[coinomega]

> "Bitwise" is really shorthand for "this is an operation that acts on the representation of a number in base-2, rather than on the number itself"

I would argue that while bitwise operations are indeed more easily represented/computed in base 2 than in base 10, they do act on the 'number itself', whichever base you then represent this number in. ... at least in the approach I took, where I treat bit strings as representations of 'numbers', specifically positive integers. If you think of such operations as manipulating 'strings' of characters - whatever character set those are taken from - rather than numbers then indeed we indeed arrive to different conclusions, and your digit-wise MIN generalization makes sense.

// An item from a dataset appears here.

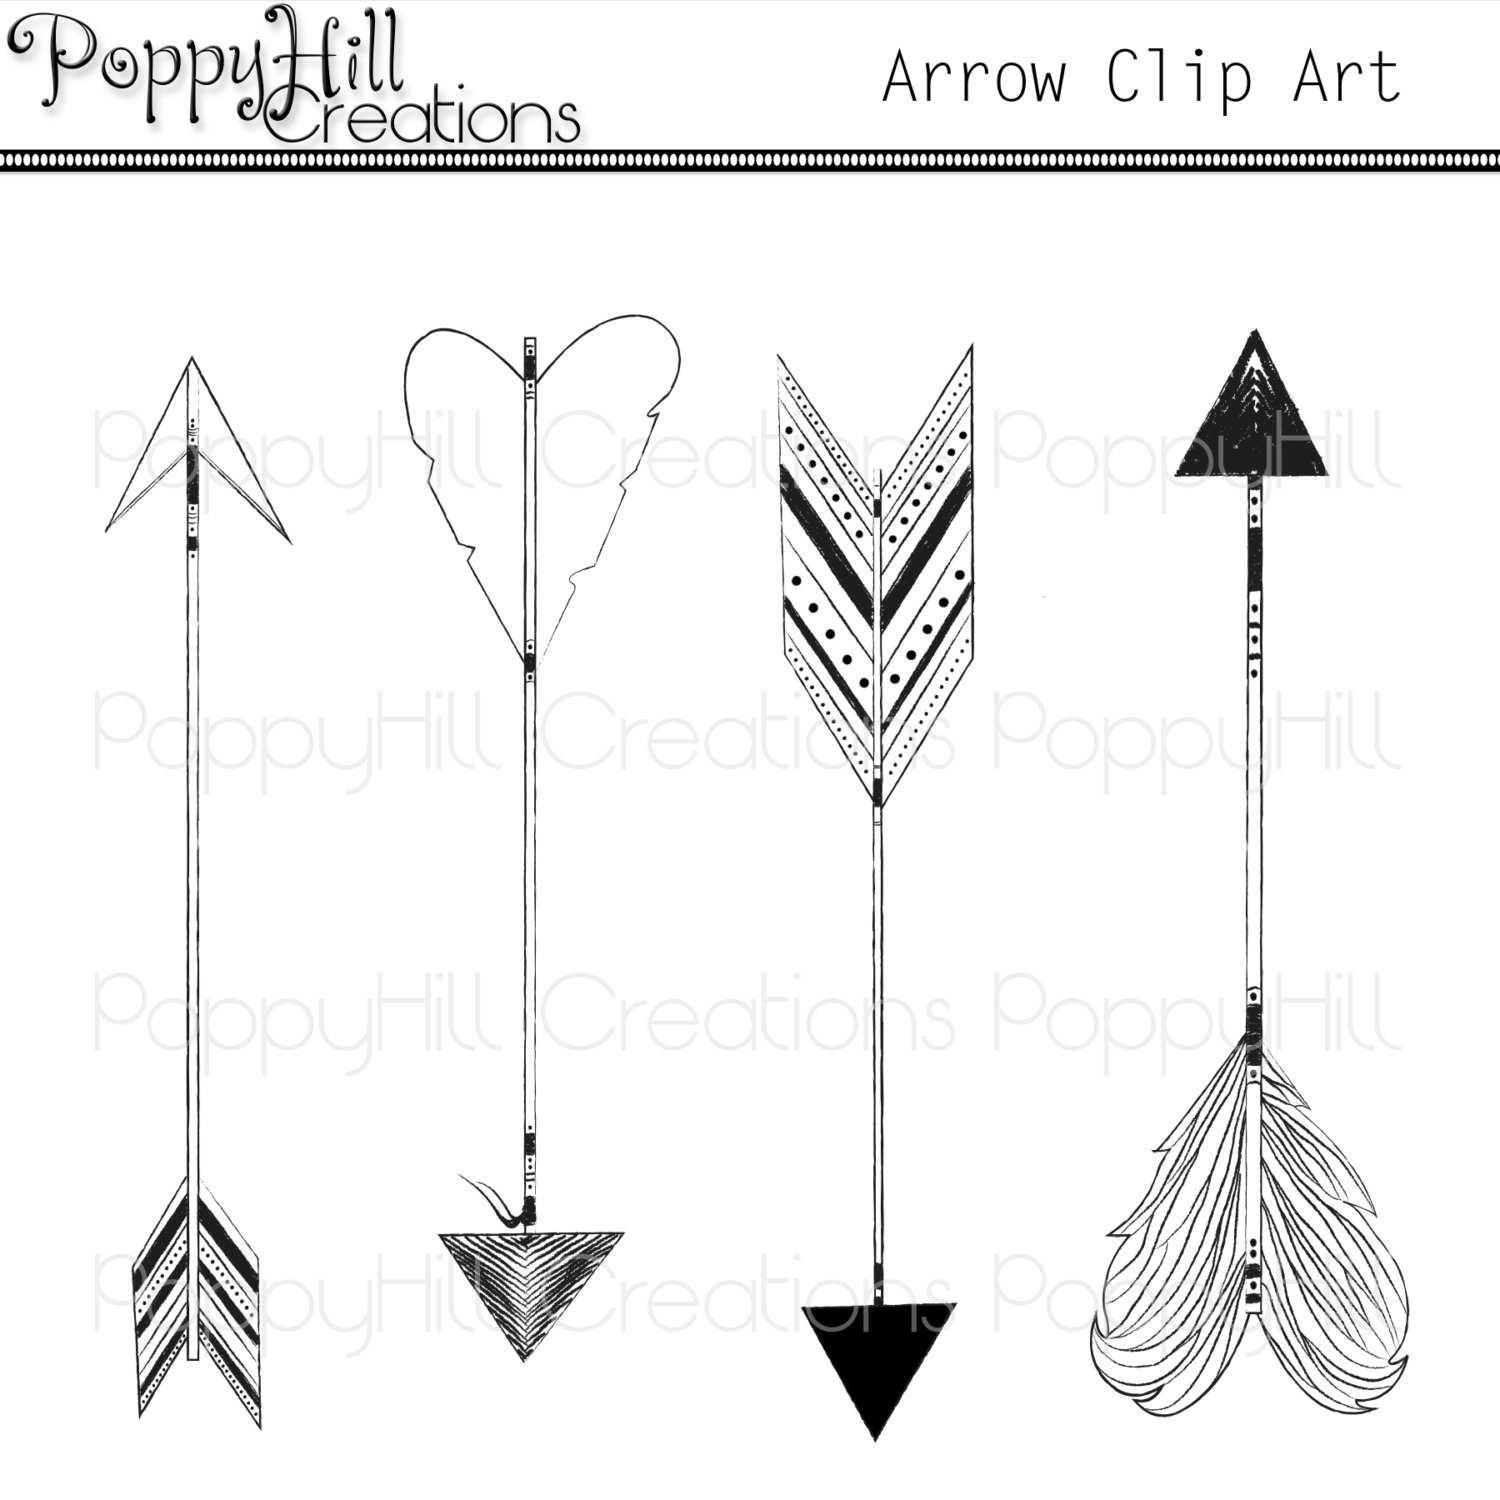 Free Indian Arrow Cliparts, Download Free Clip Art, Free.

I think both approaches are meaningful, although conceptually different, and I have tried, however clumsily, to explain the 2 approaches in a previous post (https://medium.com/biffures/bits-101-120f75aeb75a#.fc93no6od) before settling for the 'number' approach for this post.

I am actually not a proponent of using base 10 as the standard view for bitwise operations, I merely use that base to show that the function looks complicated in base 10 and brings little further intuition on what pattern AND follows. Note that the rest of the article and all visualizations are NOT base-dependent and do not use the base-10 formula. (I did write my numbers in base-10 in the sketches simply out of convenience, but feel free to translate to any base).

Is this revolutionary? Certainly not. But I do think the graphs look cool, and I was happy to share them. Hope this clarifies some of the thinking behind the post; and thanks for the constructive thoughts! - seems like I can do plenty of read-up .-)

C